Но надо было расстаться и идти в комнату свиданий, где меня ждал аббат Легаль. На обратном пути я снова увидел мадам Легро, — она подстерегала меня у входа. Мы снова поплакали вместе, и по милости сжалившихся над нами сторожей я даже смог сказать ей несколько слов. Наконец мы разошлись: я — с утешением в груди, а она — воспламененная новым мужеством.
Вскоре одно неожиданное событие еще больше окрылило наши надежды: 22 октября 1781 года родился дофин[14]. В Париже по этому поводу было объявлено помилование преступников. Могла ли невинность оказаться в худшем положении, чем порок?
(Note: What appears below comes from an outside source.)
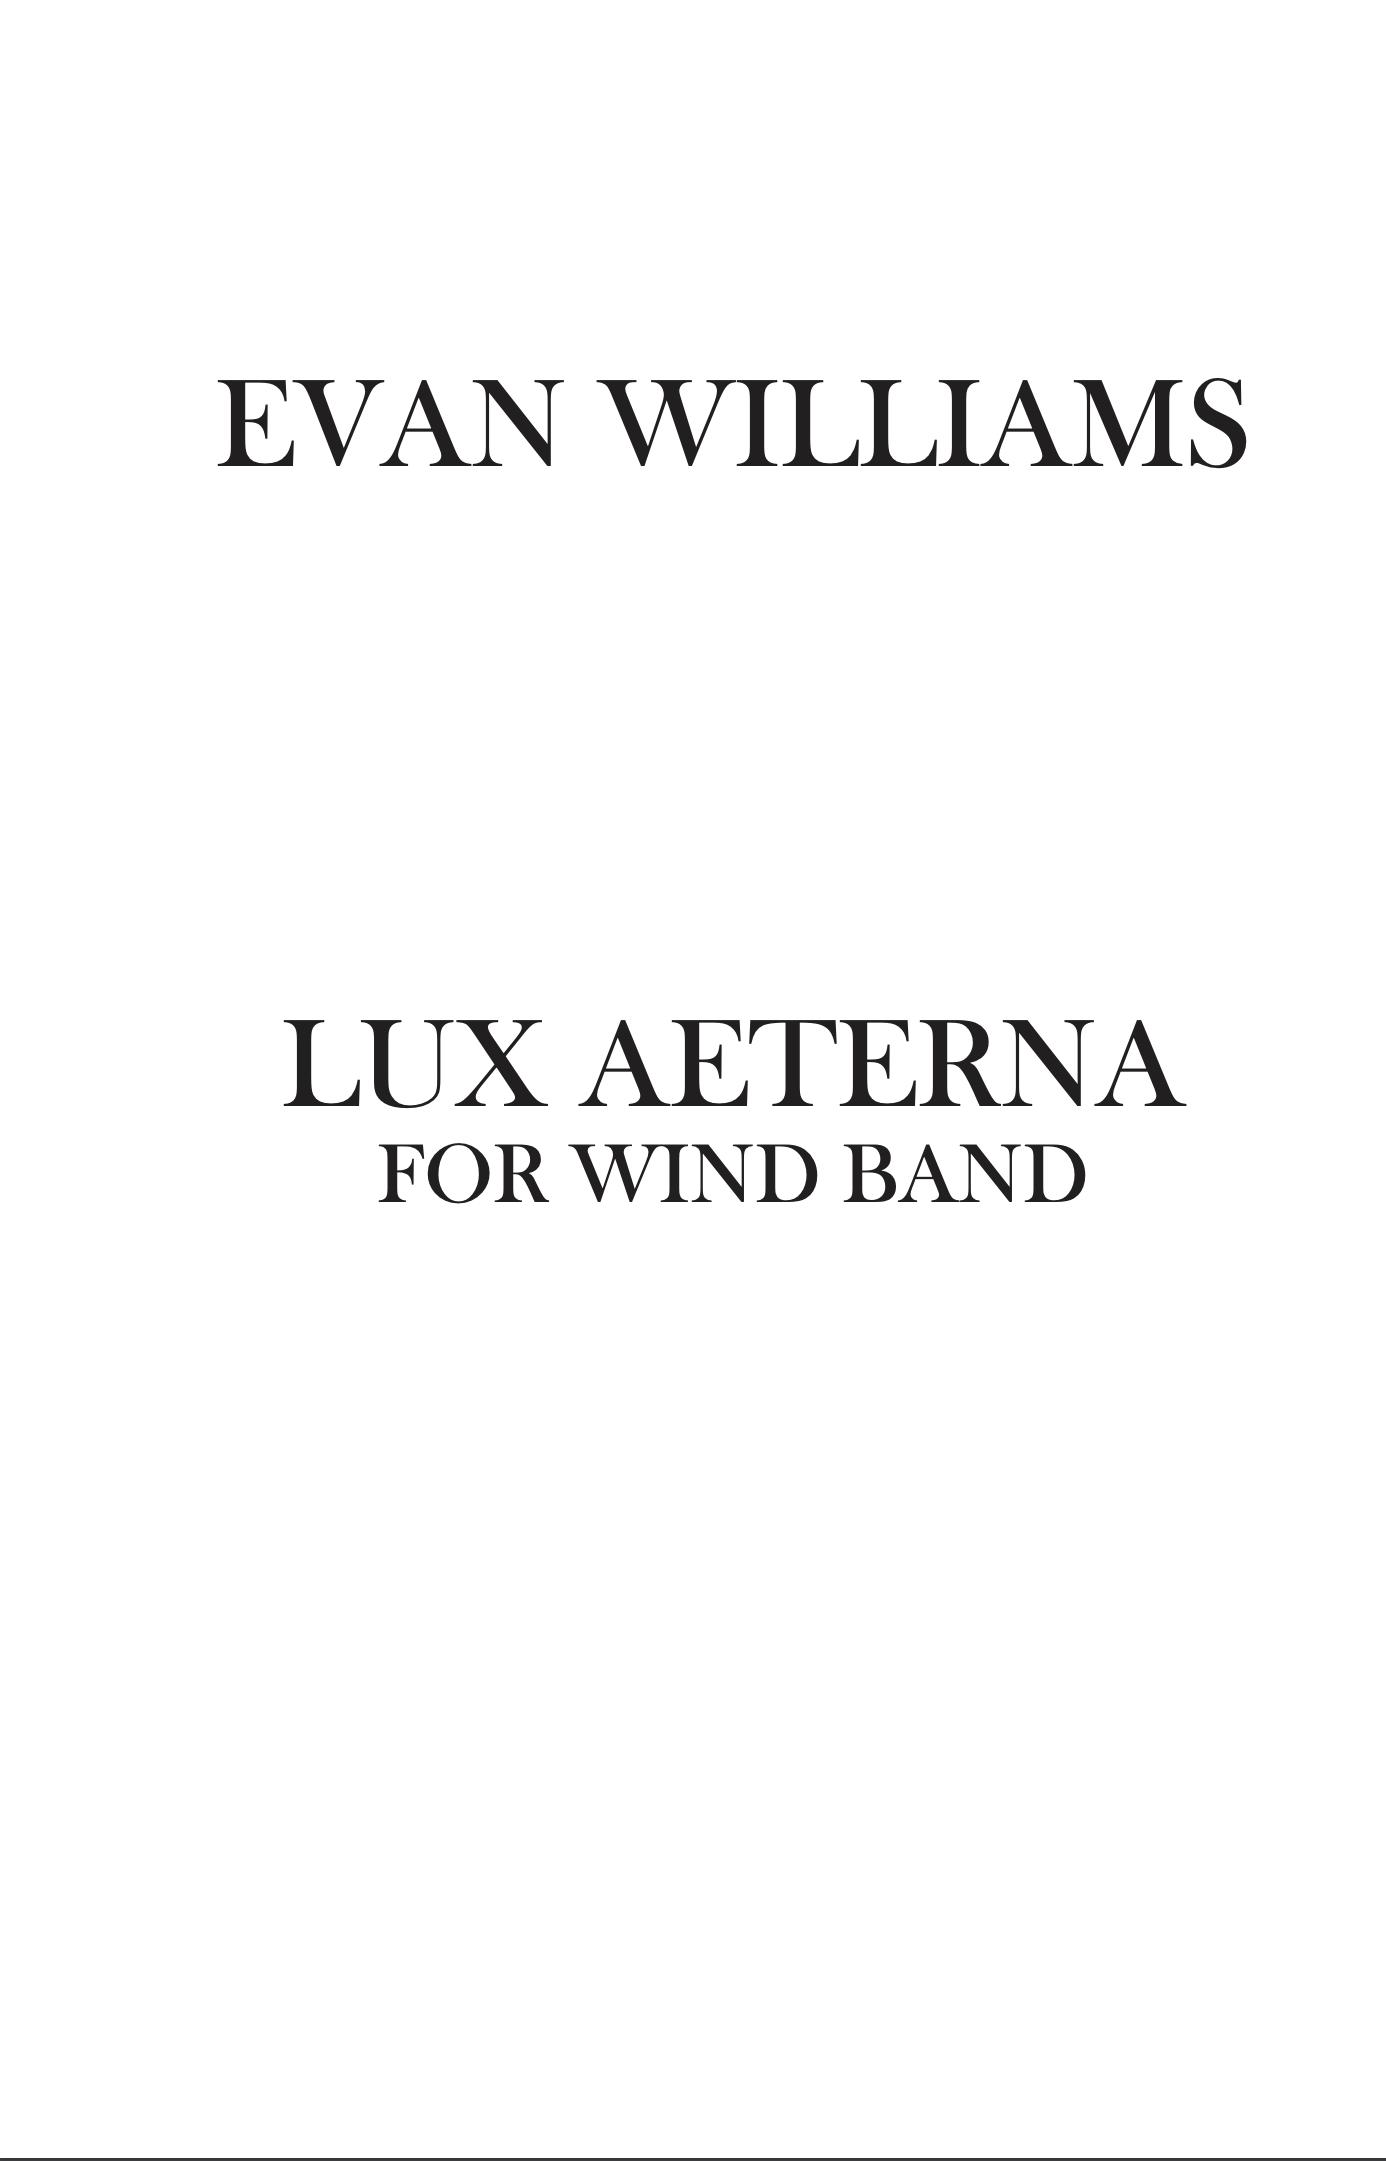 Lux Aeterna by Evan Williams

Мы были далеки от подобных опасений. Мадам Легро прислала мне экземпляр королевской грамоты, согласно которой учреждалась особая комиссия, обязанная осмотреть все тюрьмы столицы и Версаля. «На основании представленного нам отчета, — гласил этот документ, — мы помилуем тех, чью вину мы признаем заслуживающей снисхождения».
Неужели же я не попаду в число этих людей, я, который молил не о милости, а лишь о справедливости. Ведь даже враги мои не обвиняли меня в каком-либо преступлении, и единственным их оружием против меня была клевета.
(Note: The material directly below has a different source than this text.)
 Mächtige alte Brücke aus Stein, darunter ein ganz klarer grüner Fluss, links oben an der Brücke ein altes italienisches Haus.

Комиссия явилась в Бисетр 17 мая 1782 года. Перед ней прошли все заключенные. Был вызван на допрос и я. Я предстал перед королевскими уполномоченными в том ужасном виде, какой я уже описывал выше. Моя заботливая покровительница, вникавшая решительно во все, что могло бы привести нас к цели, дала мне указания, как себя вести. Я заранее обдумал маленькую, но убедительную речь, которую и произнес перед комиссией.
Некоторые из членов ее, видимо, заинтересовались мною. А кардинал Роган выказал даже более активное сочувствие. Этот истинно добрый человек выслушал меня с глубоким вниманием и не мог скрыть охватившего его волнения. Все его поведение по отношению ко мне делало ему честь, и я считаю своим долгом громко сказать об этом.
Один из судей задал мне несколько вопросов и приказал записать мои ответы. Кардинал, со своей стороны, продиктовал своим помощникам какое-то замечание. Я был уверен, что оно касалось меня, и, как оказалось впоследствии, я не ошибся.
Я спокойно созерцал членов комиссии.
Вместо ужаса и отвращения, которые, естественно, должен был вызывать у них мой вид, я прочитал на их лицах чувство удовлетворения. «Они хотят вернуть мне счастье и свободу» — подумал я, и сердце мое наполнилось надеждой. Я собирался уже уходить, как вдруг увидел среди судей Сартина, — сына моего преследователя. Испугавшись, как бы его отец не настроил его против меня, я тут же обратился к присутствовавшему при этом Тристану, одному из тюремных надзирателей, и сказал ему:
— Я только что убедил судей в моей невинности. Я осмелился вызвать на бой всех моих обвинителей. В течение шести лет я нахожусь под вашим присмотром в казематах этой тюрьмы. Скажите, доставил ли я вам за эти шесть лет малейший повод к неудовольствию?
— Нет, — ответил он.
После этого я вежливо поклонился всем и вышел.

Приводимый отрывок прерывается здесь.